A 14-year-old schoolboy helping out at an archaeological dig in Glasgow has found one of a set of lost gravestones from the Middle Ages.
A 14-year-old schoolboy helping out at an archaeological dig in Glasgow has found one of a set of lost gravestones from the Middle Ages.

The discovery of Mark McGettigan at the Govan Old Parish Church led to the discovery of two more sculpted gravestones.

Dating to the 10th and 11th centuries, they are part of a collection known as the Govan Stones.

The three stones were known about but lost when a nearby shipyard was demolished more than 40 years ago.

Historians and archaeologists had feared the decorated stones, which had for years stood against a wall of the churchyard, were destroyed.

The Govan Stones, most of which are now housed in Govan Old Parish Church, are from a period of history before the nation of Scotland existed.

Rival warlords were battling for control of the British Isles, and against marauding Viking forces.

At the time, Govan was the major religious center in the Kingdom of Strathclyde.

The Govan Stones include a sarcophagus
The Govan Stones include a sarcophagus

A total of 46 of the stones were found in the 19th Century, and 31 of them were taken into the church for safe-keeping.

These artifacts include a sarcophagus which was believed to have held the relics of King Constantine, who was considered a saint.

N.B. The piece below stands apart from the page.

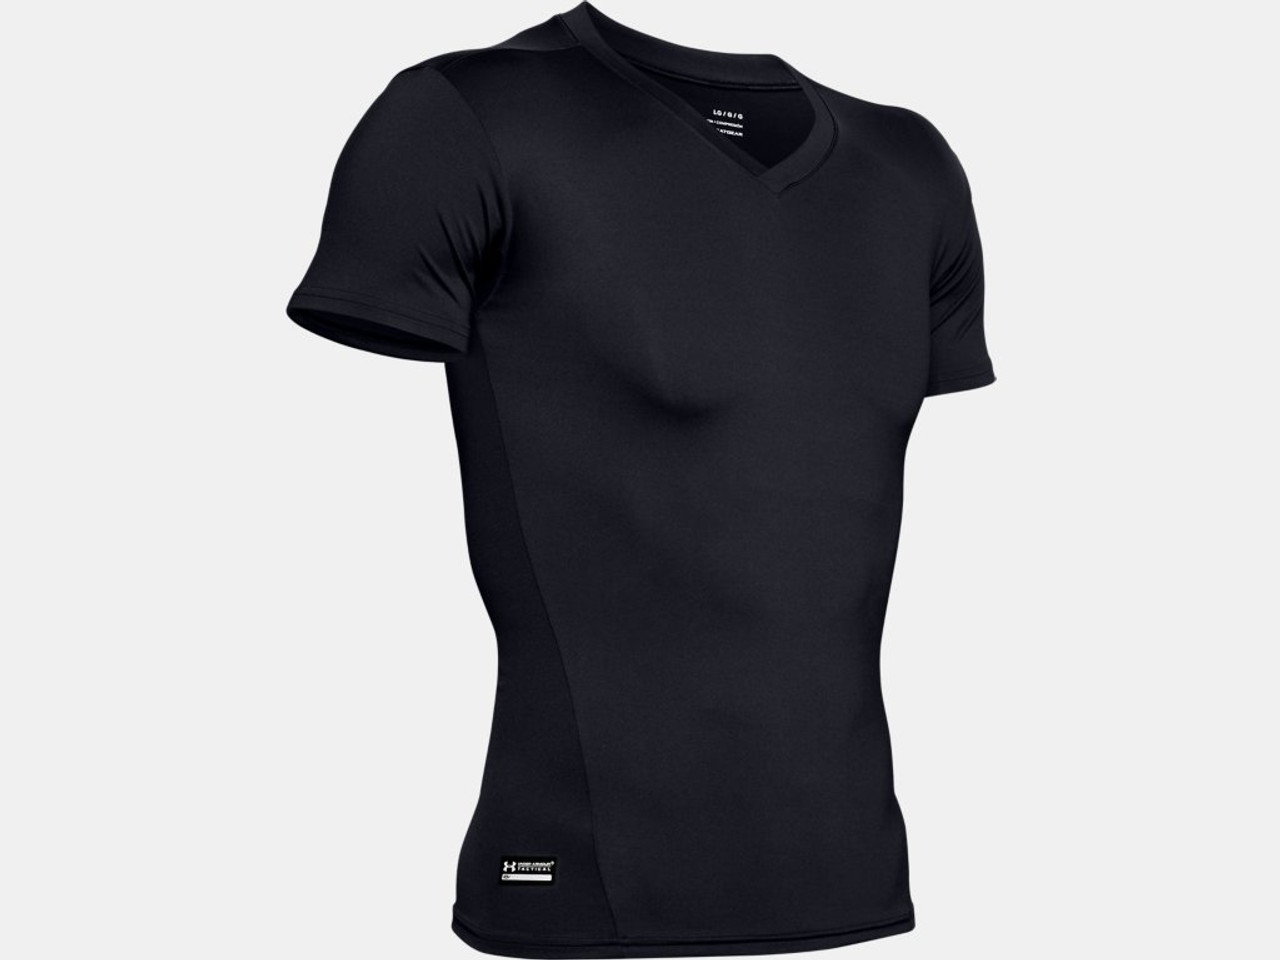 Stay Cool and Comfortable with Men's HeatGear Compression Shortsleeve T- Shirt
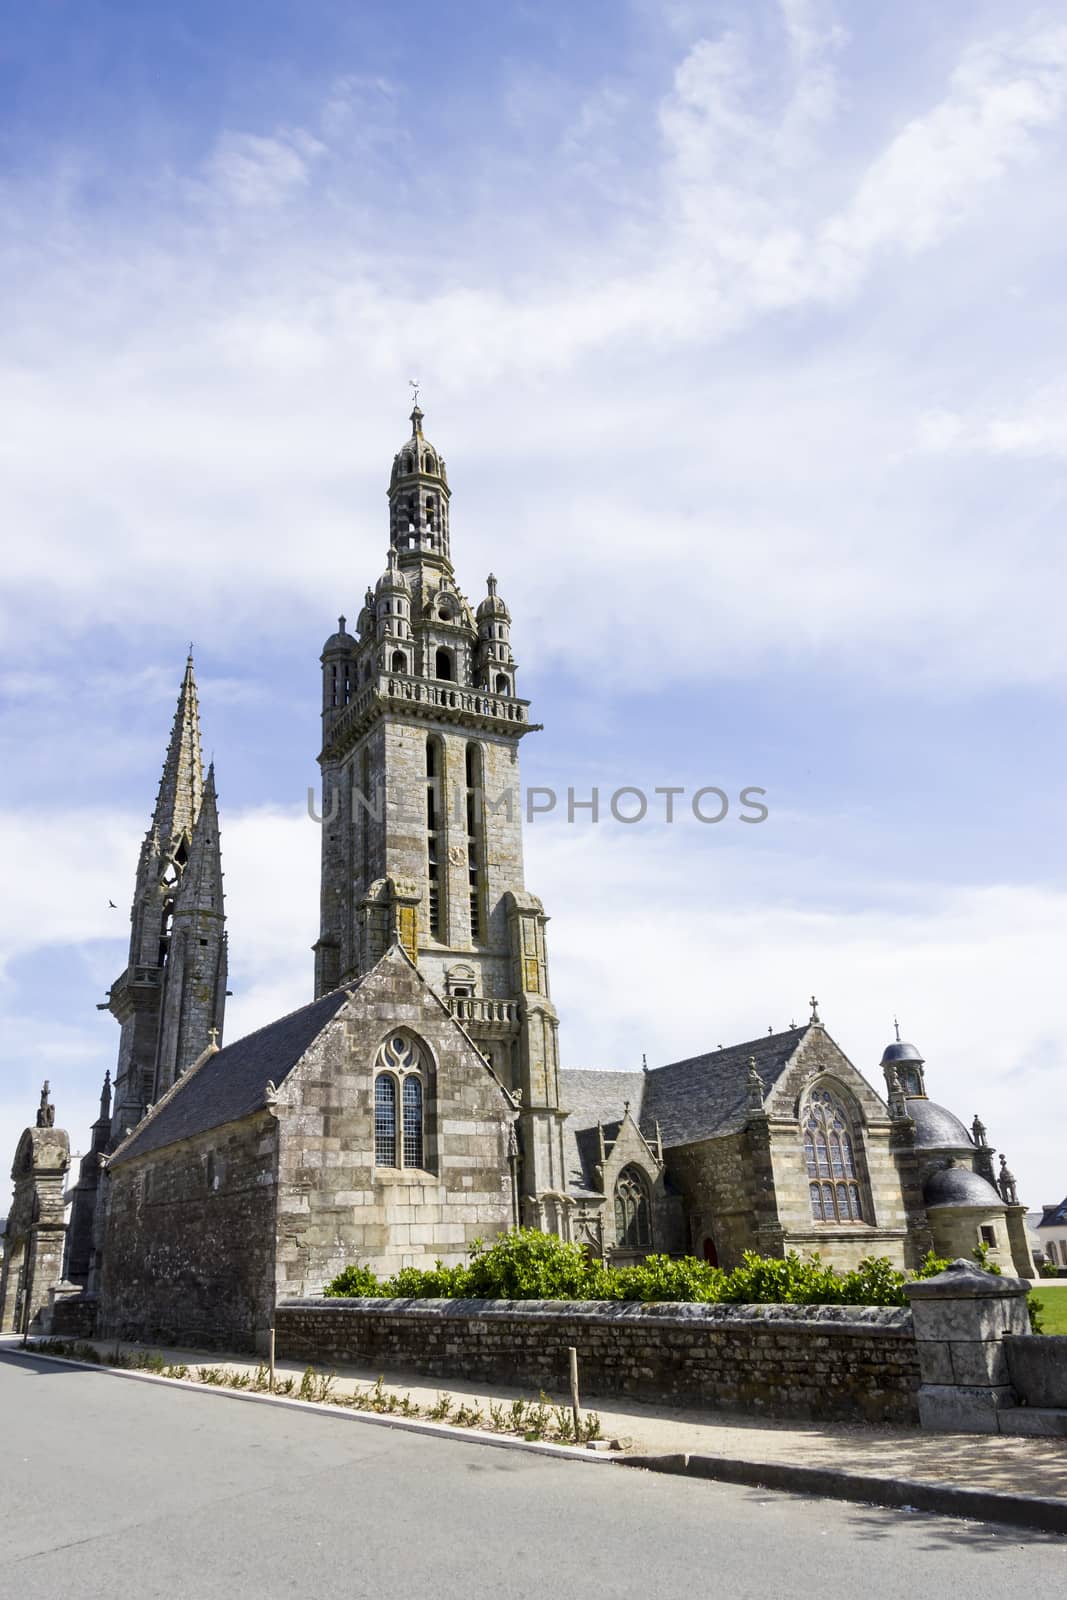 Gothic church in Brittany, France by Tetyana

The remaining stones were displayed against a wall of the churchyard but disappeared following the demolition of the Harland and Wolff shipyard in 1973.

They were thought to have been destroyed, but it now appears that at least some of them were buried.

‘Extremely happy’

Mark, an S3 pupil at Lourdes Secondary School, was among volunteers on the Stone and Bones community dig searching for lost Govan Stones. He said: “I was just prodding the ground to see if there was anything there and suddenly it made a noise and I realized I had hit something.

“I and two of the archeologists worked out the object area and began digging it out and cleaning it up.”I wasn’t sure what it was at the beginning. But then we checked the records and we realized that it was one of the lost Govan Stones.”He added: “I’m extremely happy, in fact, I’m ecstatic about what I’ve helped to uncover.”There’s now a hope that more lost stones can be found.

The collection of ornately-carved stones are from the Viking Age
The collection of ornately-carved stones are from the Viking Age

The Stones and Bones dig was led by Northlight Heritage for the Govan Cross Townscape Heritage Initiative and the Glasgow City Region City Deal.

Ingrid Shearer, of Northlight Heritage, said: “We’re delighted that our volunteers have had the opportunity to make such a significant discovery.

“They’ve toughed it out through rain and snow over the past few weeks and their hard work and commitment have really paid off.

“Govan Old is the oldest churchyard in Scotland and we hope that this find will give a boost to plans for the future.

“‘International importance’

Stephen Driscoll, the University of Glasgow’s professor of historical archaeology, said the finds were the “most exciting discovery” at Govan in the last 20 years. He said: “The Govan Stones are a collection of international importance and these recovered stones reinforce the case for regarding Govan as a major early-medieval center of power.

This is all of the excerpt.